# Tank dimension question



## Rigio (Jul 23, 2013)

I know there are tall tand and wide tanks(breeder tanks) but what is a tank that is wider and longer? 

Eg: 22.5 "x17x14


----------



## mistersprinkles (Nov 4, 2013)

Breeder tanks aren't tall at all. They're short and wide.


----------



## Rigio (Jul 23, 2013)

mistersprinkles said:


> Breeder tanks aren't tall at all. They're short and wide.


I'm aware I said I know there are tall tanks And wide tanks also known as breeders. I specified the wide tanks name not insinuating they are the same lol. But either way I'm inquiring about tanks that are long and wide and thus quite short.


----------



## tom g (Jul 8, 2009)

*tanks*

chk out miracles tanks website and u will see all the tanks and sizes avail 
maybe that will give u an idea ....of what u want or need .they also do custom work if u are interested ...


----------



## Rigio (Jul 23, 2013)

I have a tank in mind I was just wondering if it had a name to male it easier to search for in the event it's sold when I go to buy it
22.5 " long
17" wide
14" tall


----------



## tom g (Jul 8, 2009)

*tank*

no idea your best bet is to chk them out and see what they group it under ...


----------



## mistersprinkles (Nov 4, 2013)

Rigio said:


> I have a tank in mind I was just wondering if it had a name to male it easier to search for in the event it's sold when I go to buy it
> 22.5 " long
> 17" wide
> 14" tall


That's a custom size tank by the sounds of it. You can get a custom tank built for pretty cheap. NAFB used to do it. Don't know if they still do.


----------



## tom g (Jul 8, 2009)

*tank*

yes they do... so does miracles ..but by chking there website and product availability OP can see from there if its a custom or something they have in stock ,just my opinion 
cheers


----------



## BillD (Jun 5, 2006)

That size of tank is pretty much what Big Al's in Whitby used for their stock . I have 3 of them I picked up use for $20 (for all 3).


----------



## Rigio (Jul 23, 2013)

BillD said:


> That size of tank is pretty much what Big Al's in Whitby used for their stock . I have 3 of them I picked up use for $20 (for all 3).

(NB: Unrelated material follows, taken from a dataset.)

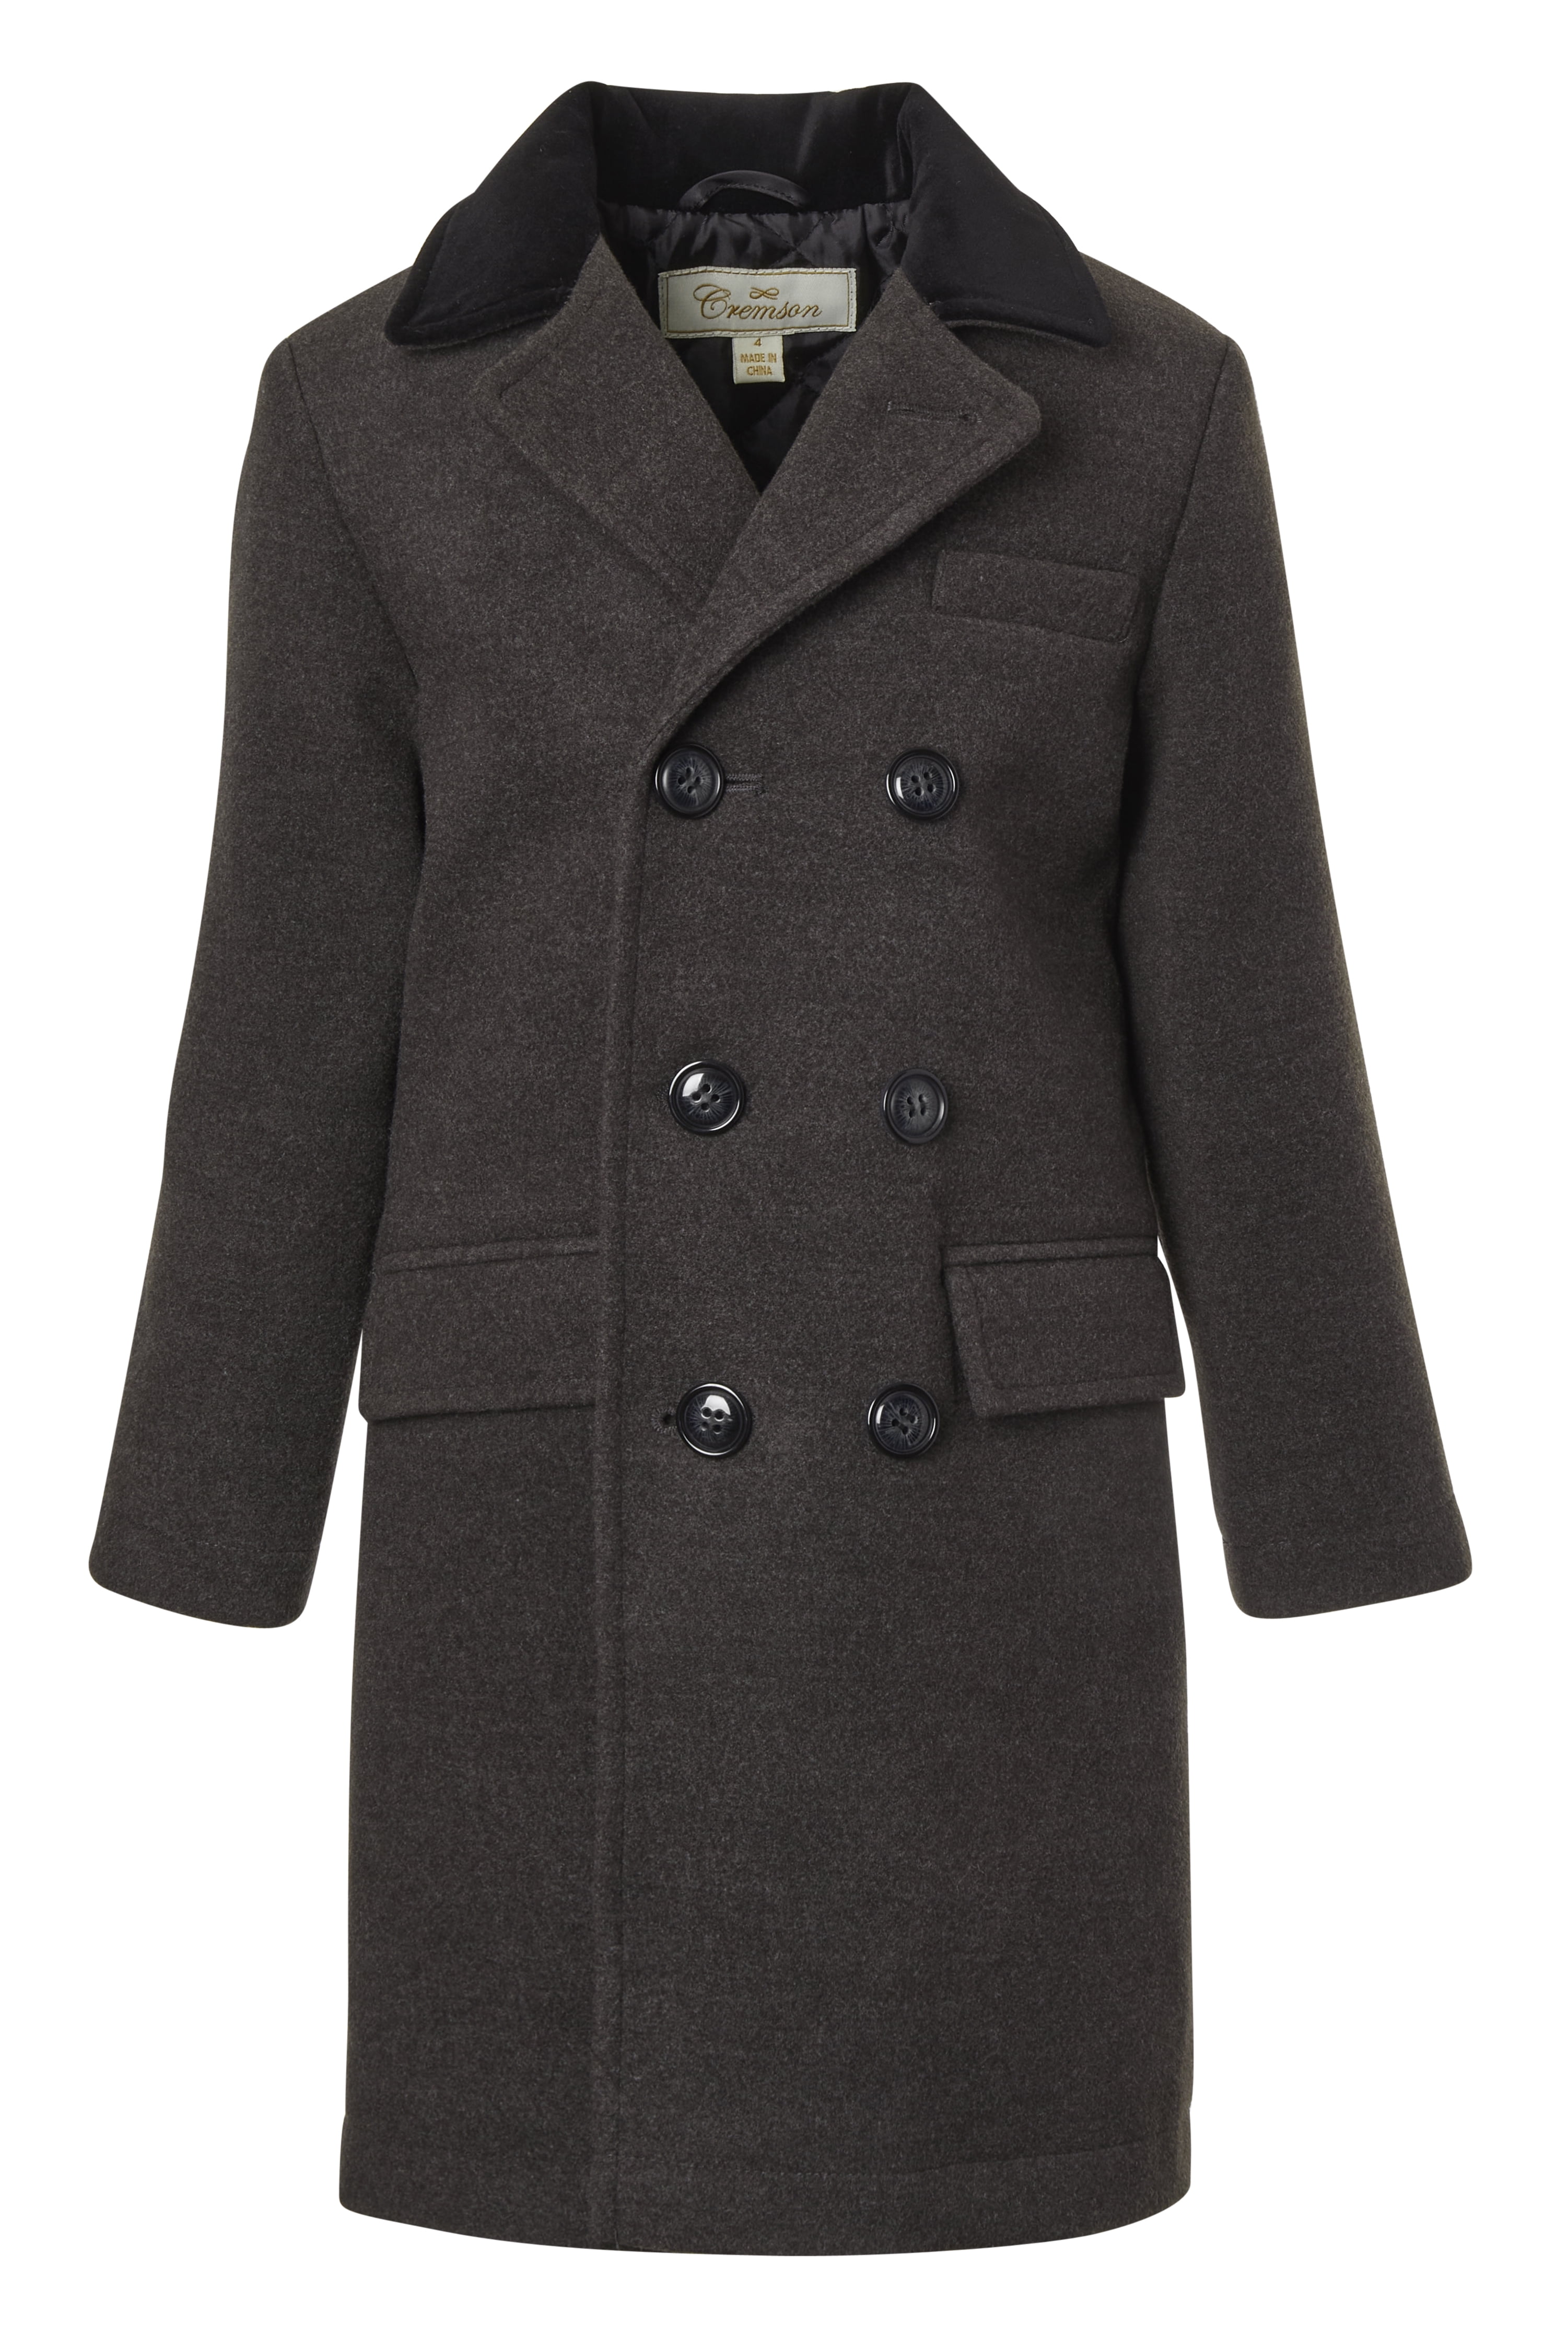 Cremson Boys Classic Wool Look Winter Double Breasted John Dress Coat Jacket Hat

Did you buy them used from big als?


----------



## BillD (Jun 5, 2006)

I bought them from someone who bought them from Big Al's and didn't do a very good job of resealing. I think Big Al's has moved away from them to tanks that are taller at the back and sides so they don't need tops. Last time I saw them for sale (used) in store they wanted around $20.


----------